Gillian was trying to make Fergus tell her what his questions had been, and how he had answered them.
“I declare, Gill, you are as bad as some of the boys’ horrid governors. There was one whose father walked him up and down and wouldn’t let him play cricket, and went over all the old questions with him. I should never have got in, if papa hadn’t had more sense than to badger me out of my life.”
At the gate between the copper beeches the Underwoods and Merrifields parted, with an engagement to meet at the circus on the part of the boys and their conductors.
Fergus was greeted with open-mouthed, open-armed delight by all the assembled multitude, very little checked by the presence of Captain Armytage. Only Lady Merrifield did not say much, but there was a dew in her eyes as she held fast the little active fingers, and whispered-
“My good industrious boy.”
Sir Jasper, in his grand and gracious manner, turned to his sister-in-law, saying-
“We could not but come first to you, Jane, for it is to you that he is indebted, as we all are, primarily for his success.”
“That is the greatest compliment I ever had, Jasper,” she answered, smiling but almost tearful, and laughing it off. “I feel ready to mount yonder elephant lady’s triumphal car.”

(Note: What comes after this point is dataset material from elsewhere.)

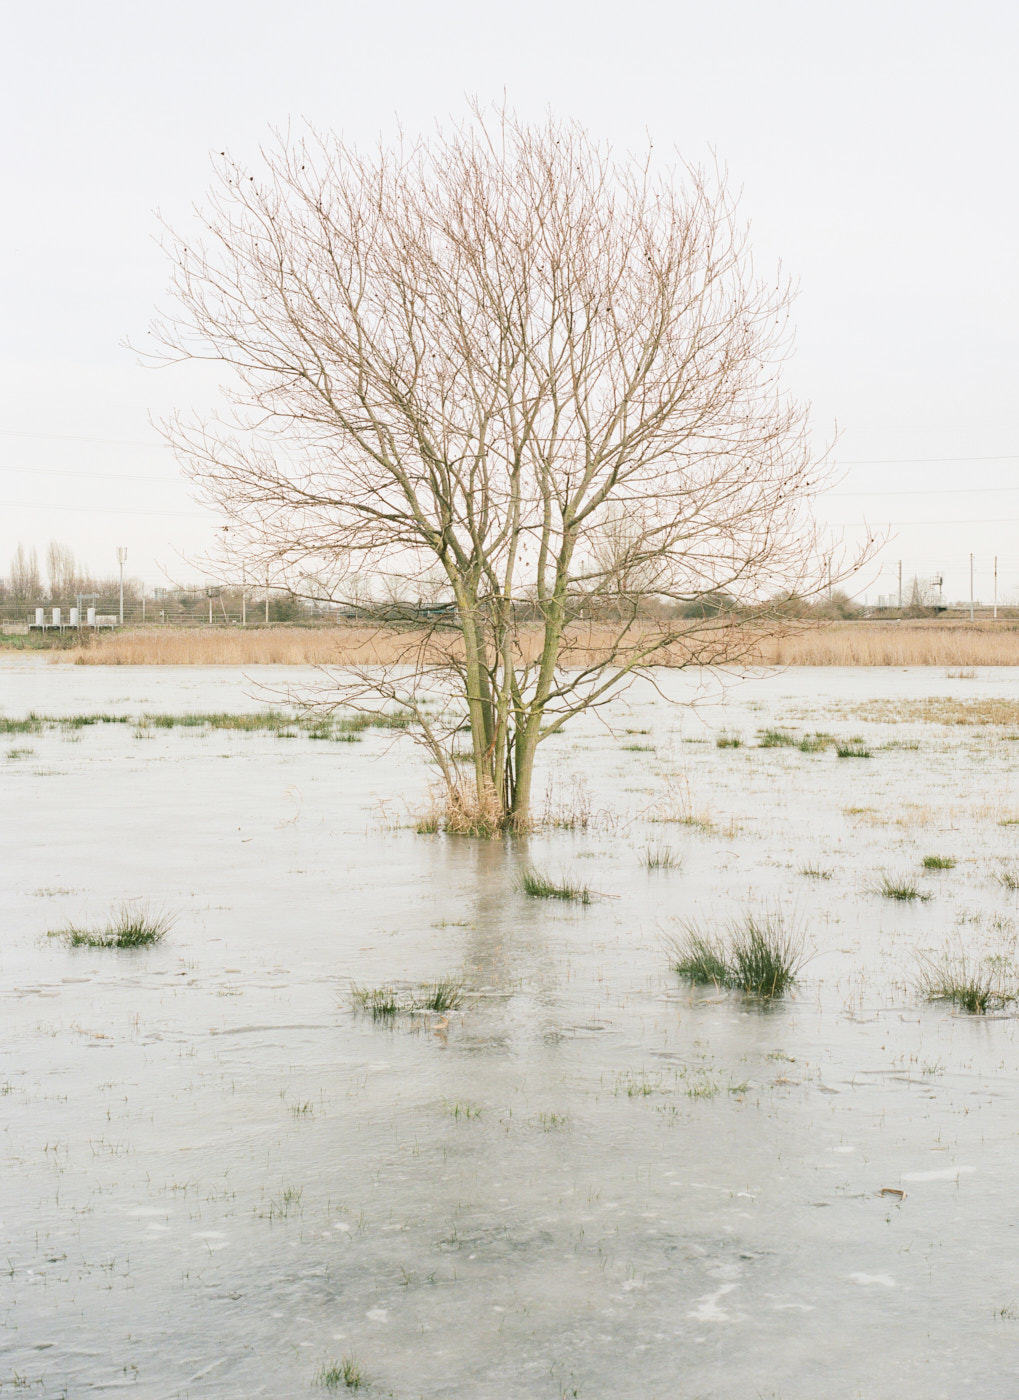 Walthamstow Marshes, flooded and frozen

The General refrained from any more teasing of Fergus on his first impression; and at seven that evening the younger Merrifield boys with their uncle, and the two from St. Andrew’s Rock with Lance, set off in high spirits.
They re-appeared much sooner than they were expected at Beechcroft Cottage, where the Underwoods were spending the long twilight evening.
“A low concern!” was the General’s verdict.
“We fled simultaneously from the concluding ballet,” said Lance. “There had been quite as much as we could bear for ingenuous youth.”
“We stood the Sepoy’s Death Song,’ said the General, “but the poster of the Bleeding Bride was enough for us.”